The auto-imported classes are anonymous (built by `from_2d`), so you cannot reference them by name. To tweak one after it has been imported, reach it through the hash and `prepend` a module. This runs **after** the import, the opposite of the previous section, so the hash is already populated:

```ruby
module MyCameraTweak
  def create_sprite_move_animation
    super
    # extra camera work
  end
end

Battle::Visual3D::WILD_TRANSITIONS_3D[0].prepend(MyCameraTweak)
```

Here `0` is the built-in RBY wild transition.

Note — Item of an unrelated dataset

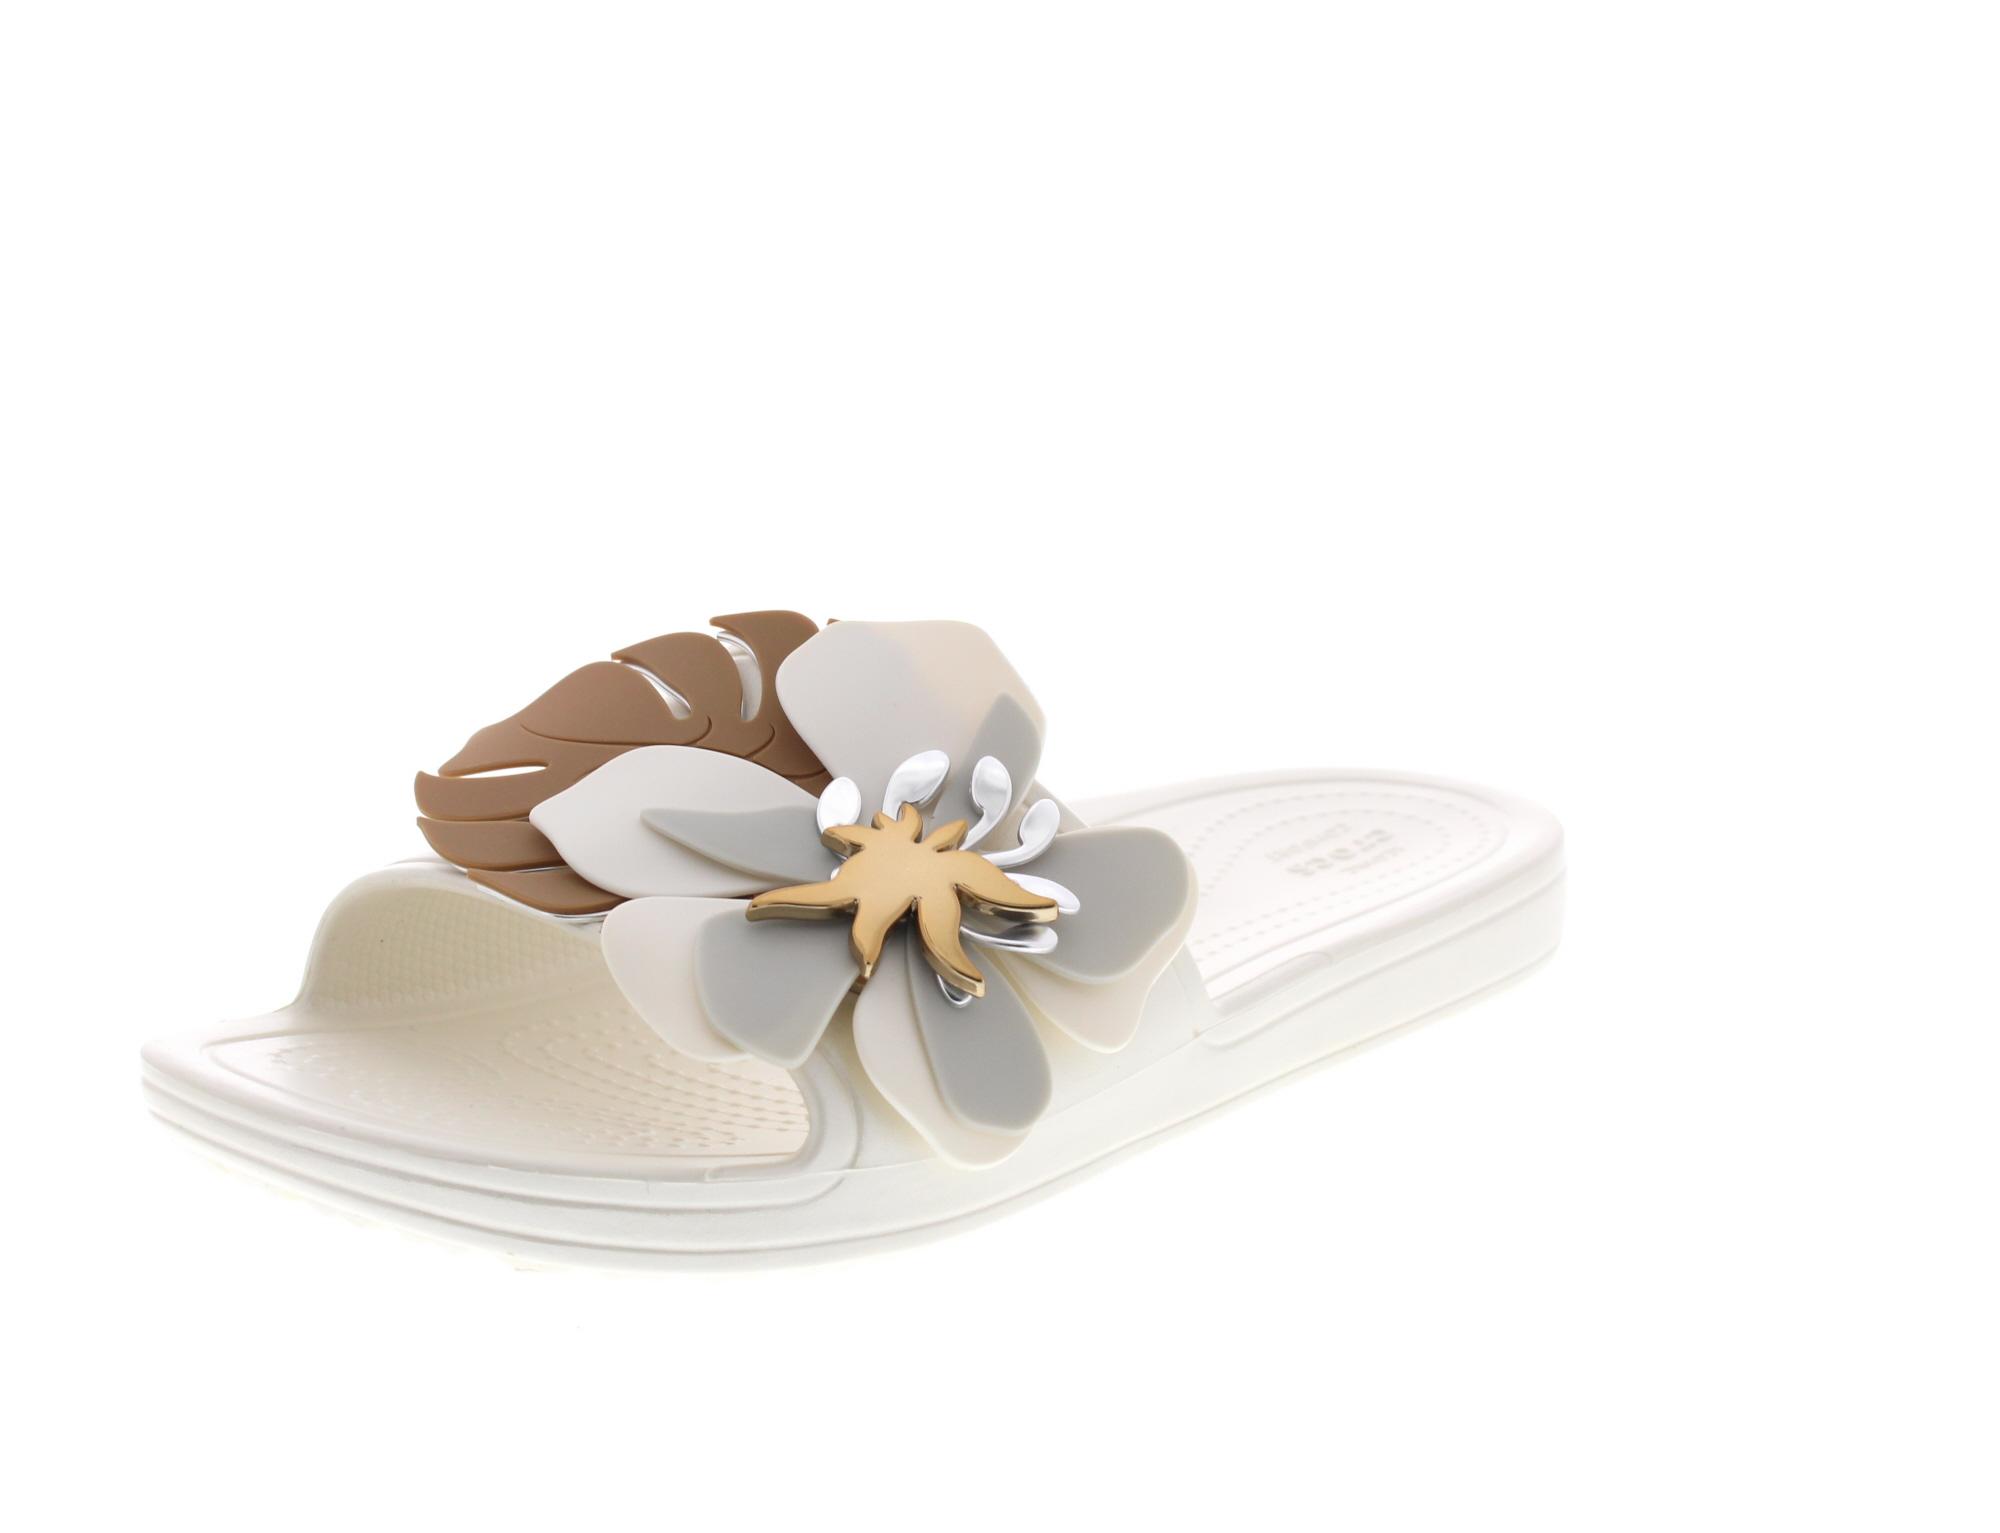 CROCS Pantoletten SLOANE BOTANICAL FLOWER SLIDE oyster0-6605

## Migrating from the old 3D classes

Before the 3D visual refactor, 3D transitions were standalone classes you inherited. They **no longer exist**, and any inheritance or `prepend` that targets them raises `NameError`:

- `Battle::Visual3D::Transition3D::Trainer3D`
- `Battle::Visual3D::Transition3D::WildTransition`
- `Battle::Visual3D::Transition3D::RBYTrainer`

Replace them with one of the two approaches above: write a plain 2D transition that is imported automatically, or, for genuine 3D-specific behavior, pre-register a `CameraHandling` class in the 3D hash.

## Conclusion

- Under the 3D camera you write a normal **2D transition**; the engine wraps it into 3D automatically through `Transition3D.from_2d` and `CameraHandling`.
- Subclass `Battle::Visual::Transition::Base`, override the hooks, and register it in `WILD_TRANSITIONS` or `TRAINER_TRANSITIONS` under a free id, then select it with the `TrainerTransitionType` game variable.
- For custom 3D behavior, pre-register a `CameraHandling` class in `WILD_TRANSITIONS_3D` **before** `501 Transition3D.rb` loads.
- To tweak an already-imported transition, `prepend` a module onto its class through the hash, **after** the import.
- The old standalone 3D transition classes are gone; use the 2D-plus-import model instead.